When I get home from the grocery store, I empty all of my bags and organize things into piles according to where they go (fridge, freezer, upstairs pantry, basement pantry). The upstairs pantry is just a tiny cabinet in our dining room where I try to store the stuff we’ll use in the next week along with the most frequently utilized staples (peanut butter and brown sugar, for example). That cabinet has been driving me crazy lately though because it also seems to be the place where half-empty jars of “stuff” accumulate. I could have banished them to the basement pantry (which is really just a few wire racks in the unfinished half of our basement) but the odds I’d remember to use them before they went bad were slim to none.

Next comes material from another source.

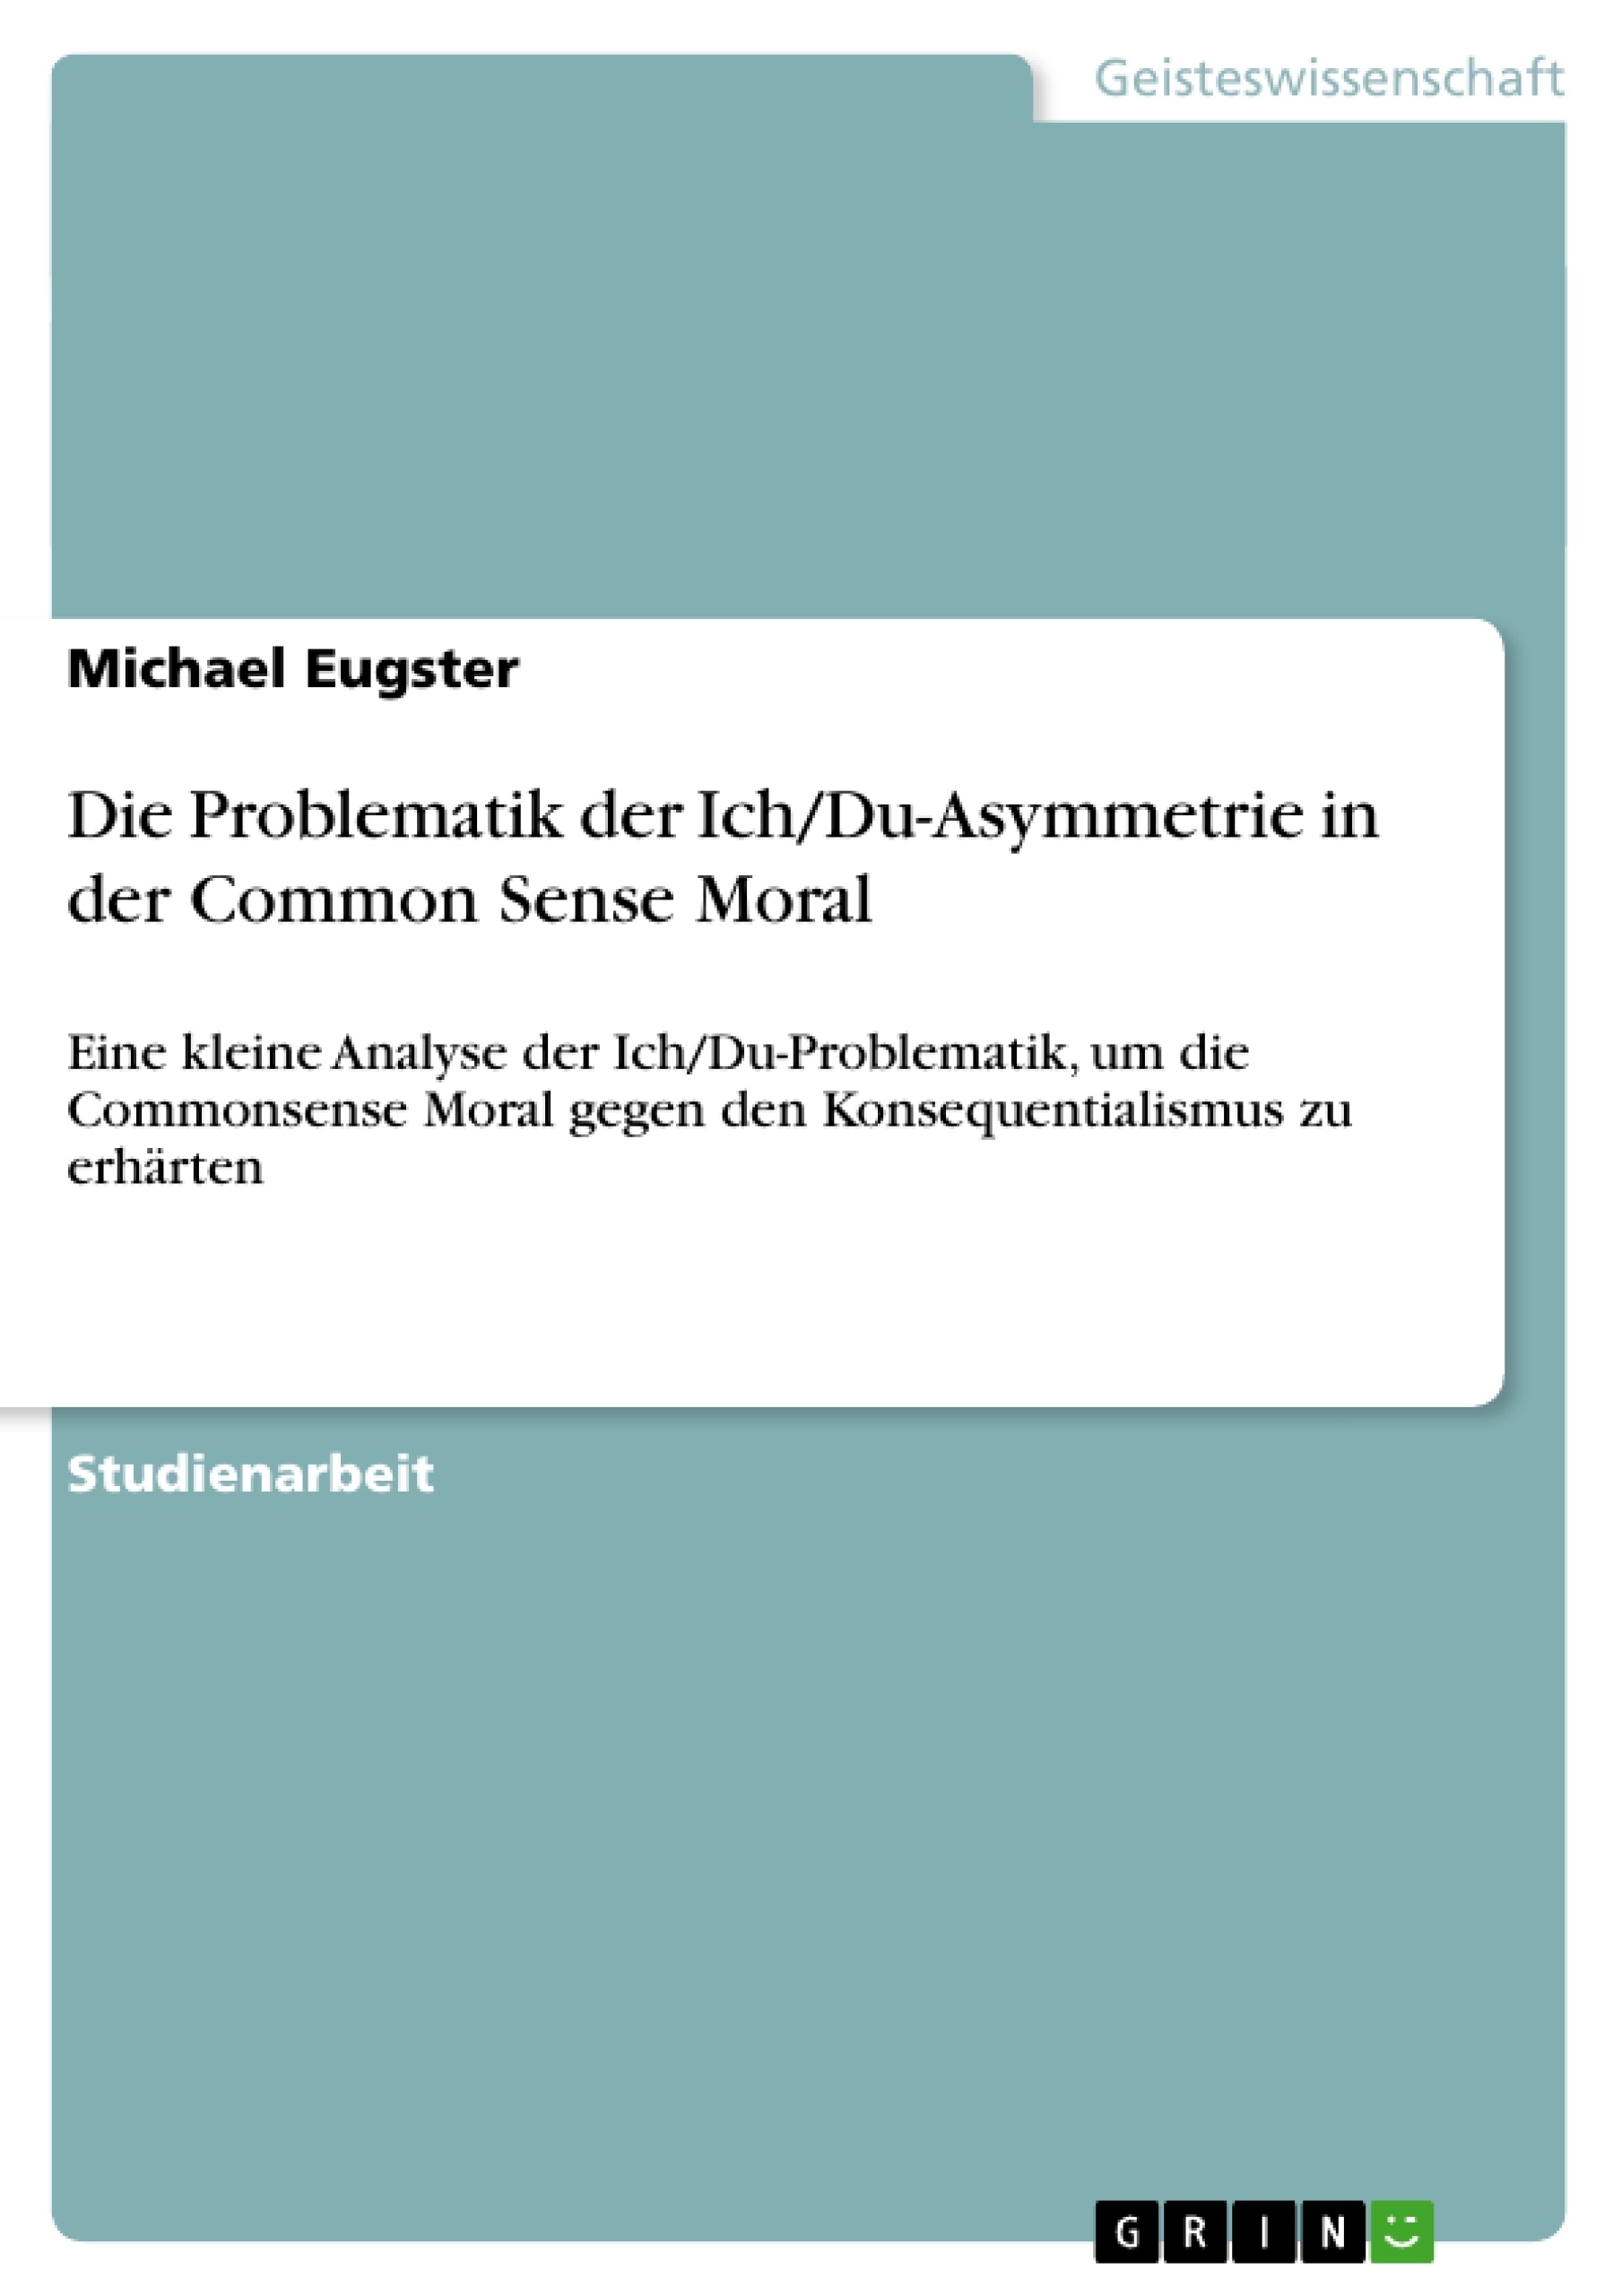 Title: Die Problematik der Ich/Du-Asymmetrie in der Common Sense Moral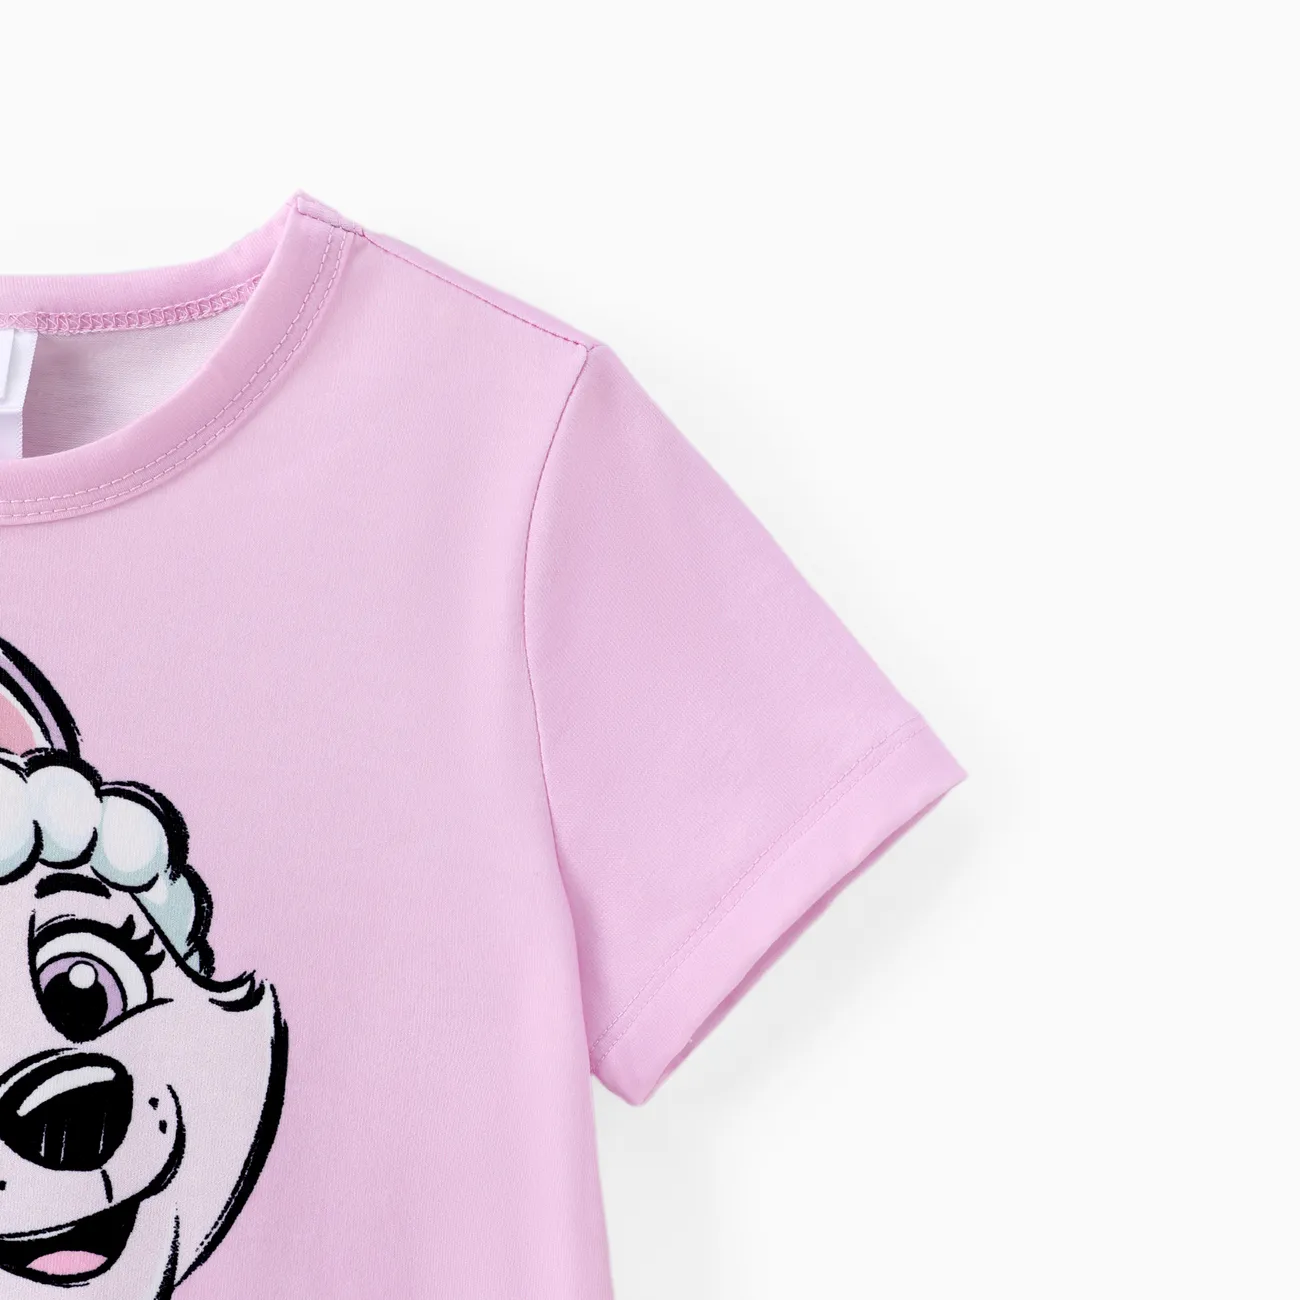 Patrulla de cachorros Unisex Infantil Camiseta Violeta claro big image 1

So, instead, I made it my mission to find ways to use these miscellaneous ingredients and clear some space asap. First up was a partial jar of fluff, leftover from the oatmeal creme pies project. I really had no idea what I was going to do with it until I also came across a package of Hershey Bars in the basement. I was convinced there had to be a way to turn them into some variation on s’mores, and I found one
I have a ton of s’mores treats on the blog, but these are definitely the easiest! The only thing you have to make is the base, which is a simple cookie dough that incorporates graham cracker crumbs. This “crust” is covered with whole chocolate bars and then a layer of marshmallow creme, and finally some of the reserved crust mixture crumbled over the top. In the oven, the cookie base stays soft and chewy while the fluff puffs and becomes more marshmallow-like in texture. And surprisingly, the chocolate bars don’t melt into a giant puddle! I absolutely loved these, and I wasn’t alone – they were met with rave reviews at Shane’s office too. They’re the perfect little afternoon snack or late-night dessert, and luckily for me, a great way to use up half a jar of fluff. I’d never give up classic campfire s’mores but this portable, less messy version is a very nice substitute!
Super Simple S’mores Bars
adapted from Taste of Home
1 1/3 cups all-purpose flour
3/4 cup graham cracker crumbs (from about 5 whole crackers)
1 teaspoon baking powder
1/8 teaspoon salt
1/2 cup (1 stick) unsalted butter, at room temperature
3/4 cup sugar
1 large egg, at room temperature
1 teaspoon vanilla extract
5 milk chocolate candy bars (1.55 oz each)
1 cup marshmallow creme
Preheat oven to 350 F. Line an 8×8-inch baking pan with aluminum foil, leaving an overhang on opposite sides to lift the bars out afterward. Spray the foil and pan with nonstick cooking spray.
In a medium bowl, whisk together the flour, graham cracker crumbs, baking powder and salt. In the bowl of a stand mixer fitted with the paddle attachment, cream the butter and sugar on medium speed until light and fluffy, about 3 minutes. Add the egg and vanilla and beat to combine. With the mixer on low, add the dry ingredients gradually, beating just until the dough comes together.
Transfer the dough to the prepared pan, reserving 1/2 cup to use for the topping. Gently press the dough into an even layer over the bottom of the pan. Top the crust with the candy bars (you’ll probably have to break them up and shingle them to create a single layer). Spread the marshmallow creme over the chocolate bars. Top with the reserved dough, crumbling over the marshmallow creme.
Bake the bars for about 25 minutes, or until the topping is golden brown. Transfer the pan to a wire rack and let cool completely. Lift from the pan using the foil “handles” and cut into squares for serving (I found these cut easily if I refrigerated them for a little while first).